Du willst Spam? Wirf mal nen Blick auf deine Sig.


----------



## Larison (12. September 2008)

Edit:

Login ist wieder möglich, aber Server sind noch grau.


----------



## Denis90 (12. September 2008)

Arseniis schrieb:


> Wird das wieder sone Spam Post na na na ich konnte ohne probs patchen nun startet das Spiel aber nicht mehr!



Out of Topic (muss sein):
Eh Spam Post, nanana ich konnte ohne probs patchen aber ...

Hallo?, steh ich im Wald oder so?

Das ist nen Forum, da reden viele Leute über Interessante Themen und auch über PROBLEME, etc.

Also pls wo ist das nen Spam Thread?, ich habe nen Problem und habe gehofft das einer der vielen hunderten Leute von buffed helfen kann.
Bei solchen Aussagen, überlegt man sich ja nächstes mal dreimal ob man Hilfe in Anspruch nehmen will.


----------



## Grenzer (12. September 2008)

Milkoh schrieb:


> Alle Charaktere die im Headupstart erstellt werden (das geht für mich ab Sonntag
> 
> 
> Dieser Inhalt steht nur eingeloggten Mitgliedern zur Verfügung.
> ...



Da drück ich Dir (uns) mal beide Daumen...


----------



## Efgrib (12. September 2008)

Denis90 schrieb:


> Habe eben den Patch runter geladen und nun geht mein War nicht mehr.
> Er lädt das EA Logo und dann steht da, LÄDT WAR.

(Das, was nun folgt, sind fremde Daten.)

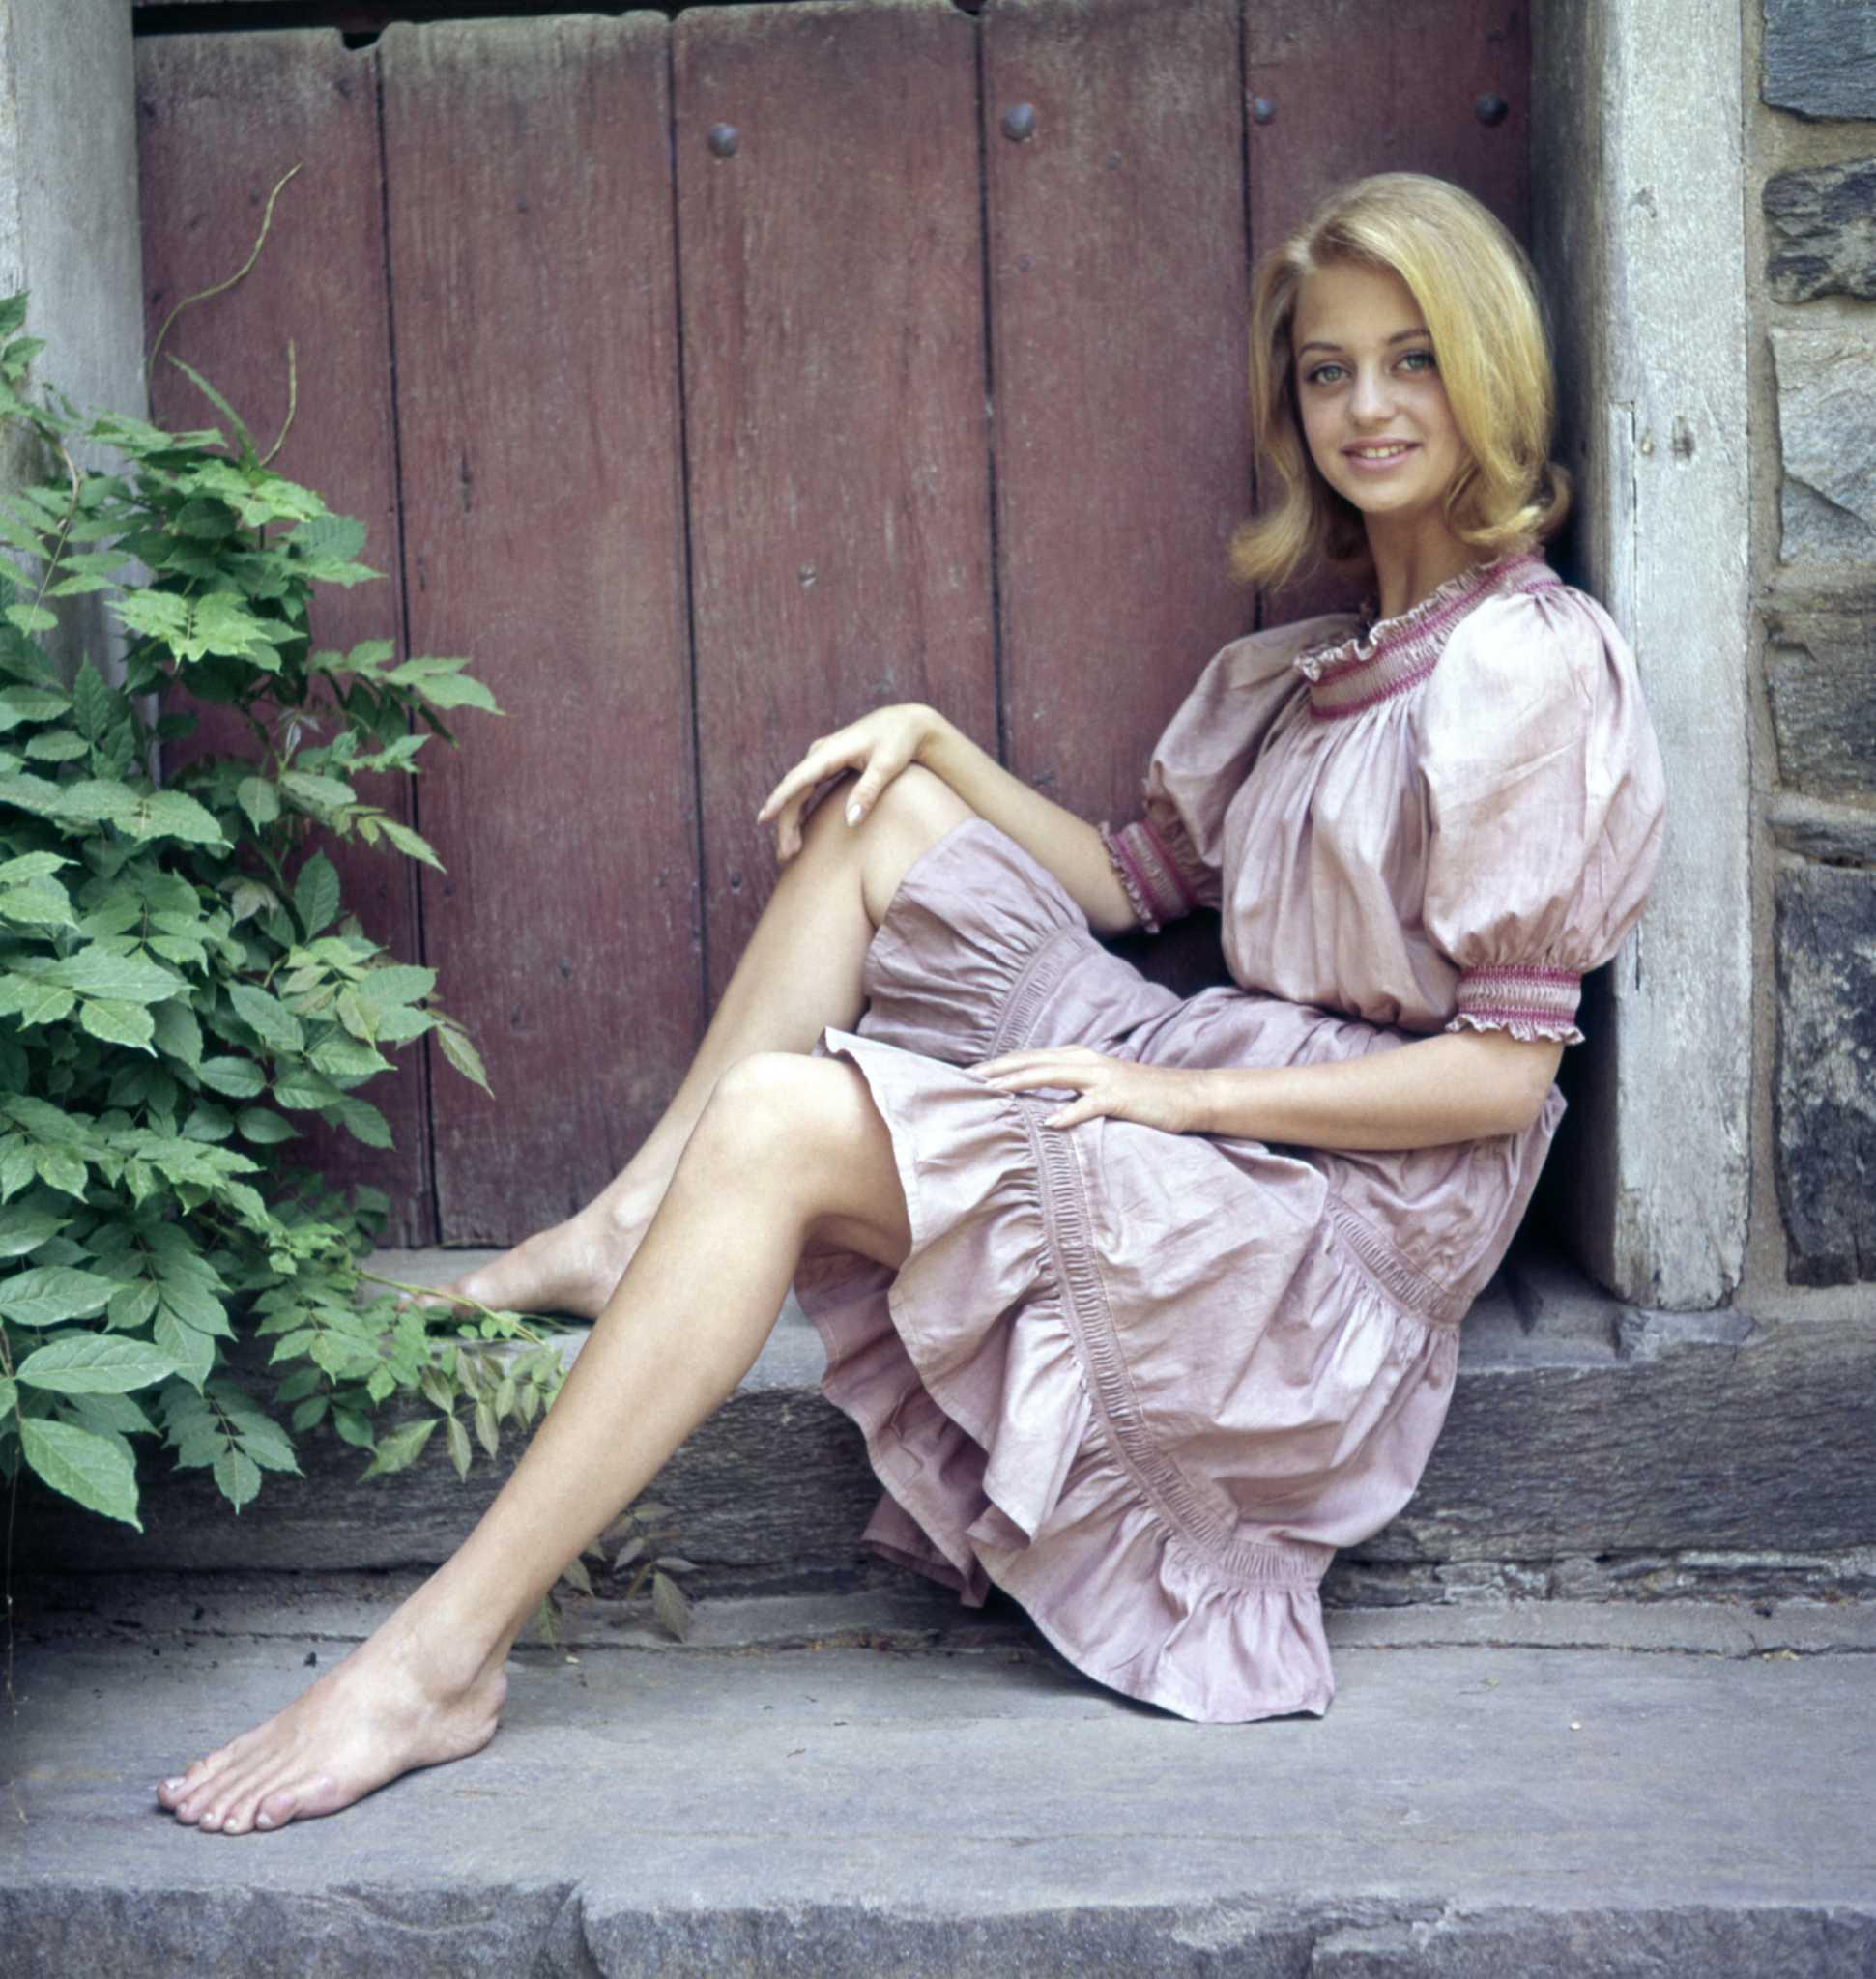 goldie hawn's feet << wikifeet

wenn da "lädt war" steht ists nicht gepatcht, nach dem patch steht da "lade war"


----------



## Neal (12. September 2008)

Hrhr

Nun geht gar nix mehr,fehlermeldung beim patcher starten,wer noch?


----------



## Ishbal (12. September 2008)

man kann sich wieder einloggen, nur leider ist kein Server on.
PS.: Never play on a patch day, leider ist aber die beta morgen vorbei :/ also muss mans riskieren


----------



## d3nn!X (12. September 2008)

weiss jemand wann die server wieder online sind?


----------



## Efgrib (12. September 2008)

Arseniis schrieb:


> Wird das wieder sone Spam Post na na na ich konnte ohne probs patchen nun startet das Spiel aber nicht mehr!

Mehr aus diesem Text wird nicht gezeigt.